Knowledge for a sustainable world

One year on from our last report on the Gates Foundation funded yam project in West Africa; Yam Improvement for Income and Food Security in West Africa (YIIFSWA), all project partners gathered at International Institute of Tropical Agriculture (IITA) in Ibadan, Nigeria for a mid-project progress and planning workshop from 17-21 February 2014.

Working together, NRI and project partners are helping to advance new initiatives towards improving incomes for those in the yam sector, and enhancing food security in order to meet overall project targets of improving the incomes of 200,000 farmers (150,000 Nigeria and 50,000 Ghana) and increasing output/reducing yam losses by 40%. The project is led by IITA, other key partners include; AGRA Farmer Organizations Support Centre in Africa (FOSCA), National Root Crops Research Institute, Nigeria (NRCRI) and Crop Research Institute, Ghana (CRI).

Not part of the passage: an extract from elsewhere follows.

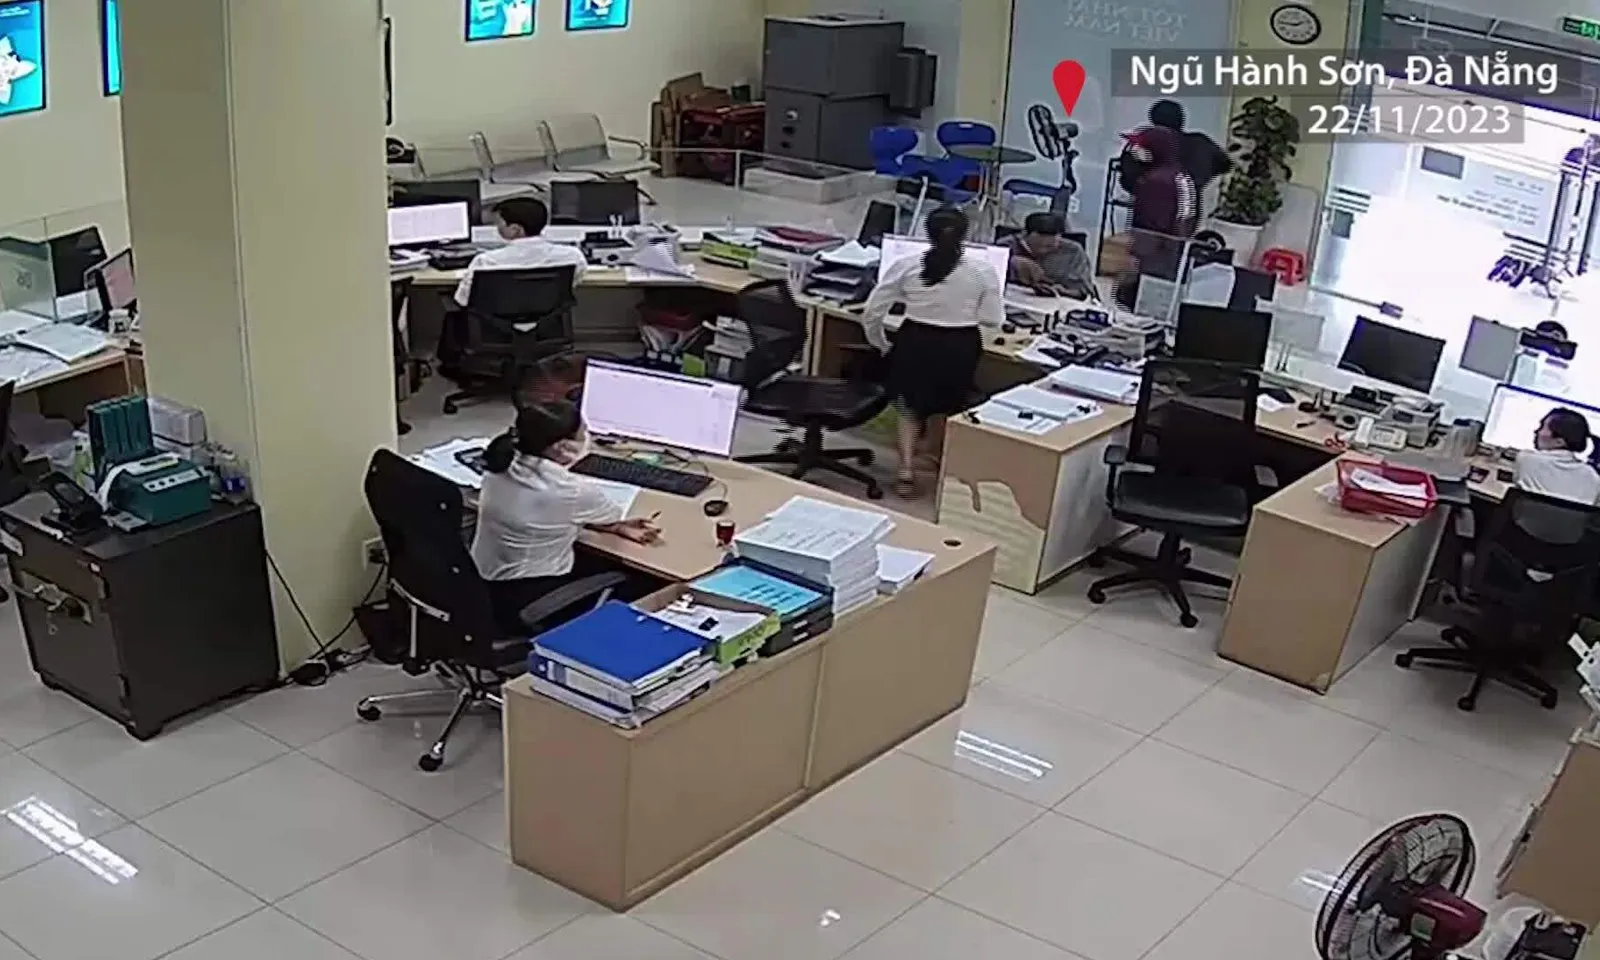 Vụ cướp ngân hàng ở Đà Nẵng: 2 nghi phạm quen nhau qua nhóm “Vỡ nợ làm liều”

NRI is leading objectives on strengthening small-scale yam farmer and trader market linkages, post-harvest handling and storage to reduce losses, and improving processed yam quality. We are also collaborating with IITA on yam virus diagnostics and FOSCA on gender and social diversity. The gender and social diversity research explored the roles and participation of women, men and other social groups in different aspects of yam production and marketing.

Dr Robert Asiedu (Director, Research for Development, IITA West Africa) was particularly complimentary in his opening remarks regarding the 'yam development forum' initiative to conduct cross-objective workshops and outreach activities in project locations in Nigeria and Ghana. This initiative, advanced by NRI with IITA and FOSCA, has been established at grassroots level comprising members from different yam production and marketing stakeholder groups (i.e. farmers, marketers, transporters, traders, and local partners such as extension officers and NGOs). The forums can be used to facilitate learning across different project locations and countries (Nigeria and Ghana).

IMG 1171NRI will continue to help advance work on business and marketing development, storage trials, post-harvest treatment of yam, communications strategies, improved yam processing, seed yam business development, and yam virus research. Project plans have been established for 2014 that include much closer and more strategic collaboration between different partners in the project.
In order to meet project targets there is a need to significantly improve market links and opportunities, development of clean seed yam production and commercialisation, capacity development of key actors (e.g. farmer organisations), enhanced use of ICT in yam business and marketing, and reduced losses from post-harvest storage and handling.

The long-term aim is to incorporate other parts of West Africa in the yam development journey and so representatives from Burkina Faso and Mali were invited to attend and were present at the meeting.

So, we are still yamming and many others are too!